The various stages involved in the transdifferentiation of A. thaliana callus cultures follows a similar route to that of Z. elegans (Fukuda 2004; Oda et al. 2005). However, instead of dedifferentiation of mesophyll cells and subsequent differentiation of procambial cells into TEs, as is the case for the Z. elegans system, this system initially requires callus induction, from which parenchyma cells are formed and subsequently stimulated to produce TEs (Fukuda 2010; Mira et al. 2019). The stages by which the parenchyma cells form mature TEs are analogous to the mesophyll system, where events such as cellular elongation, deposition of cellulose, PCD and lignification occur sequentially ( Fig. 2; Devillard and Walter 2014, Pesquet et al. 2019).

Optimisation of Arabidopsis TE induction cultures

Xylogenic cell cultures for the A. thaliana callus system are typically initiated from Columbia-0 (Col-0) cell lines, with the origin of Col-0 described by Mathur et al. (1998). Furthermore, alternative cell lines grown on hormone-free medium have been established by Pesquet et al. (2010) from the root calli of 2-week-old Col-0 seedlings, generated via the transfer of root explants onto a callus-induction medium containing the hormones 2,4-D and BAP. Those authors obtained 40% TE differentiation and later demonstrated that, through overexpression of the gene coding for microtubule-associated protein – 1 (MAP70-1), they were able to enhance the TE differentiation efficiency to values ranging from 54.8 − 60.1% (Pesquet et al. 2010). Hormonal treatments with 1 mg.L− 1 BAP, 6 mg.L− 1 NAA and 4–5 µM (1.923–2.403 mg.L− 1) brassinolide have been implemented to induce xylogenesis in in vitro callus culture (Derbyshire et al. 2015; Mira et al. 2019). Oda et al. (2005) found that the auxin 2,4-D caused an inhibitory effect on TE differentiation and that 30% TE differentiation could only be achieved with the omission of 2,4-D, and treating transgenic A. thaliana Col-0 cell lines with 1 µM (0.480 mg.L− 1) brassinolide. Improvement of this treatment was obtained by a combination of 1 µM (0.480 mg.L− 1) brassinolide with 10 mM (0.6183 g.L− 1) boric acid, achieving 50% TE formation (Kubo et al. 2005).
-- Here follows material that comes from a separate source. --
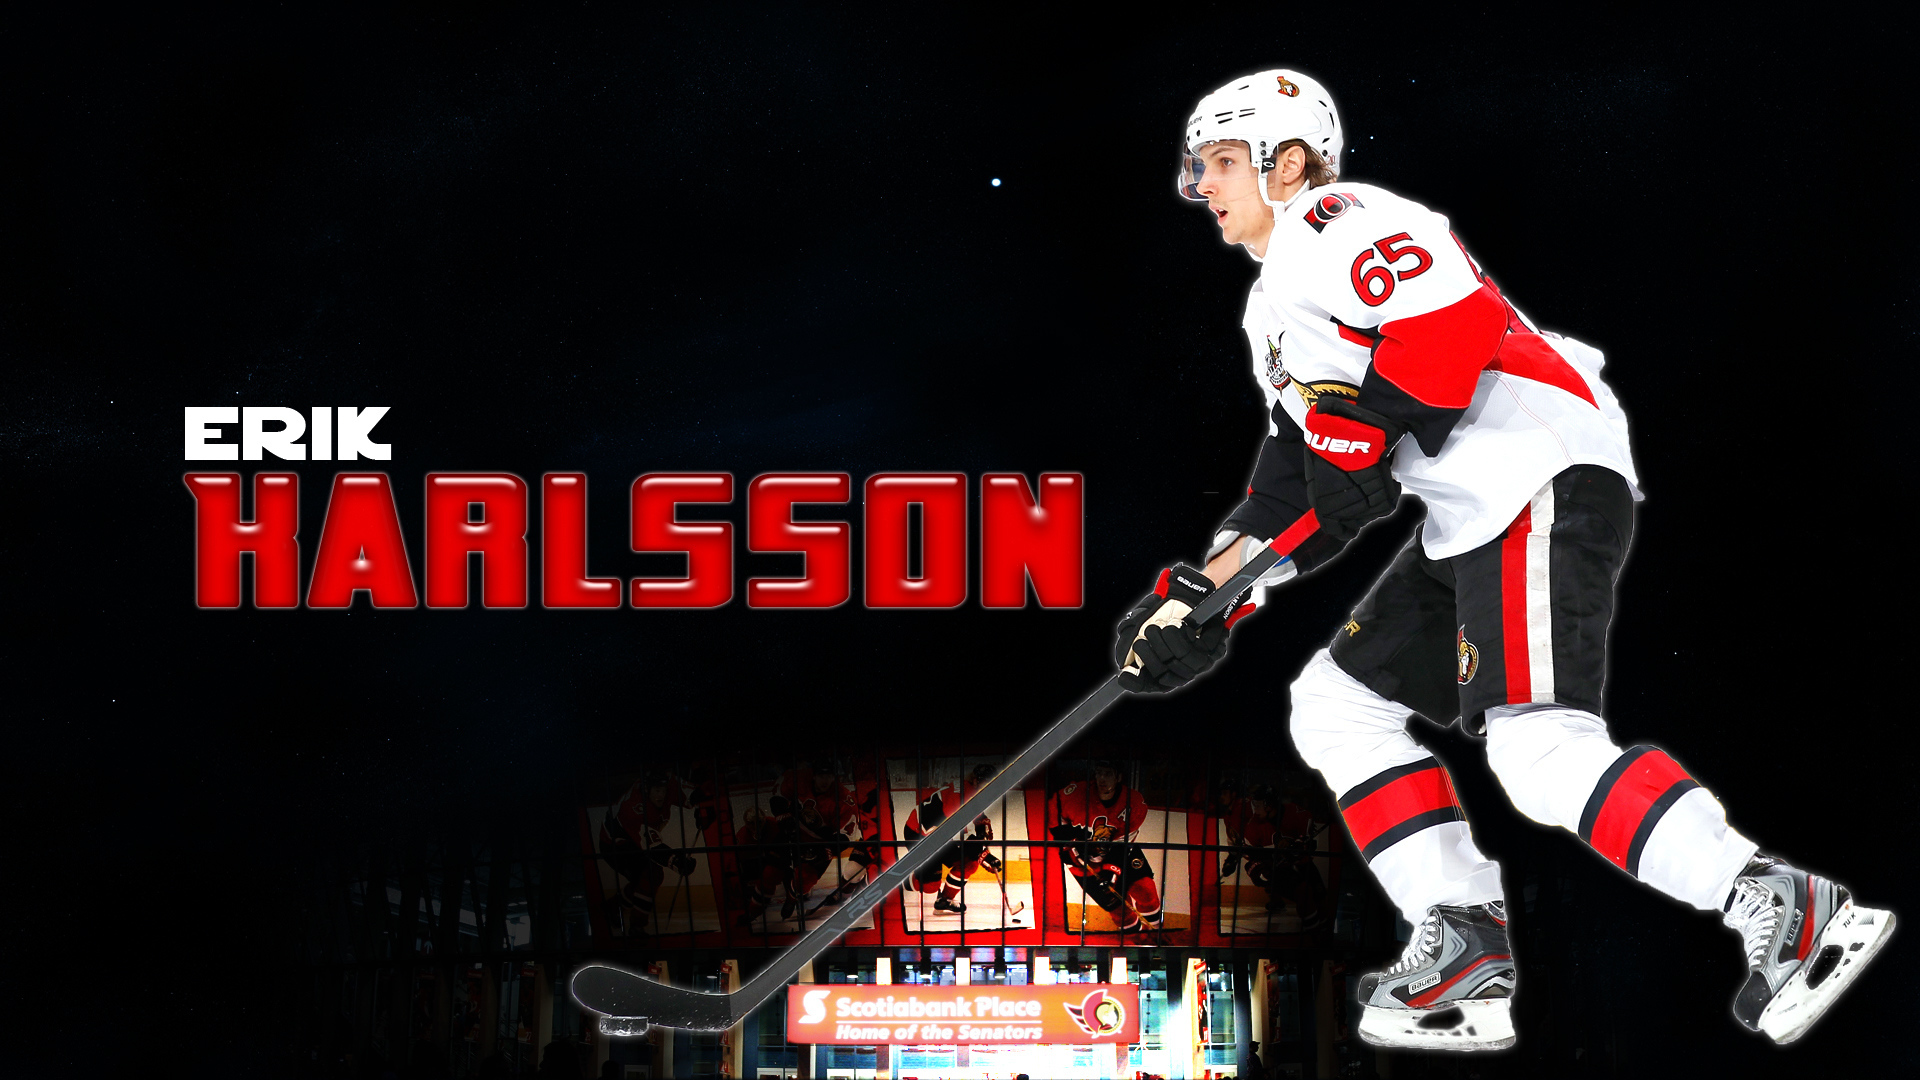 Best Hockey player Erik Karlsson

These xylogenic culture systems have enabled the functional characterization of numerous regulators of xylogenesis, significantly improving our understanding of the Vascular-Related NAC-Domain (VND) transcription factors and tracheary element differentiation inhibitory factor (TDIF) – TDIF receptor (TDR, i.e. TDIF-TDR) signalling pathway (Fukuda and Ohashi-Ito 2019; Kamon and Ohtani 2021). Exploiting this recently found knowledge has enabled the development of the VND, KDB (kinetin, 2,4-D, and brassinolide) and VISUAL (Vascular cell Induction culture System Using Arabidopsis Leaves) TE induction systems (Tan et al. 2019).

VNDs, which comprise of seven members (VND1-VND7), are a family of transcription factors (TFs) regarded as the master regulators of xylogenesis (Ohashi-Ito et al. 2018). These are expressed in association with developing TEs, each of which displays a degree of spatiotemporal difference in gene expression (Yamaguchi et al. 2008; Zhou et al. 2014). VND6 and VND7 have been shown to function as transcriptional switches for meta- and proto- xylem formation respectively (Kubo et al. 2005; Li et al. 2016). Consequently, due to the important regulatory function played by these master TFs, these have been the target for improvement of in vitro TE systems (Tan et al. 2019). For instance, TE differentiation in the range of 80–90% has been reported with the construction of transgenic A. thaliana or Nicotiana tabacum lines, either harbouring an oestrogen-inducible VND6 gene insert or a glucocorticoid-inducible VND7 insert, respectively (Oda et al. 2010; Yamaguchi et al. 2010; Oda 2017). The signalling cascade triggered by the VND7 system has been exploited to unveil numerous molecular and cellular processes associated with in vitro TE formation (Kawabe et al. 2018; Noguchi et al. 2018; Ohtani et al. 2018; Takenaka et al. 2018; Watanabe et al. 2018). In particular, the functioning of the proteome (Arae et al. 2022), gene regulatory networks (Tong et al. 2021), calcium signalling (Kamon et al. 2021) and cellular stress responses (Hirai et al. 2022) in developing TE have been elucidated via the stimulation of the VND7 insert.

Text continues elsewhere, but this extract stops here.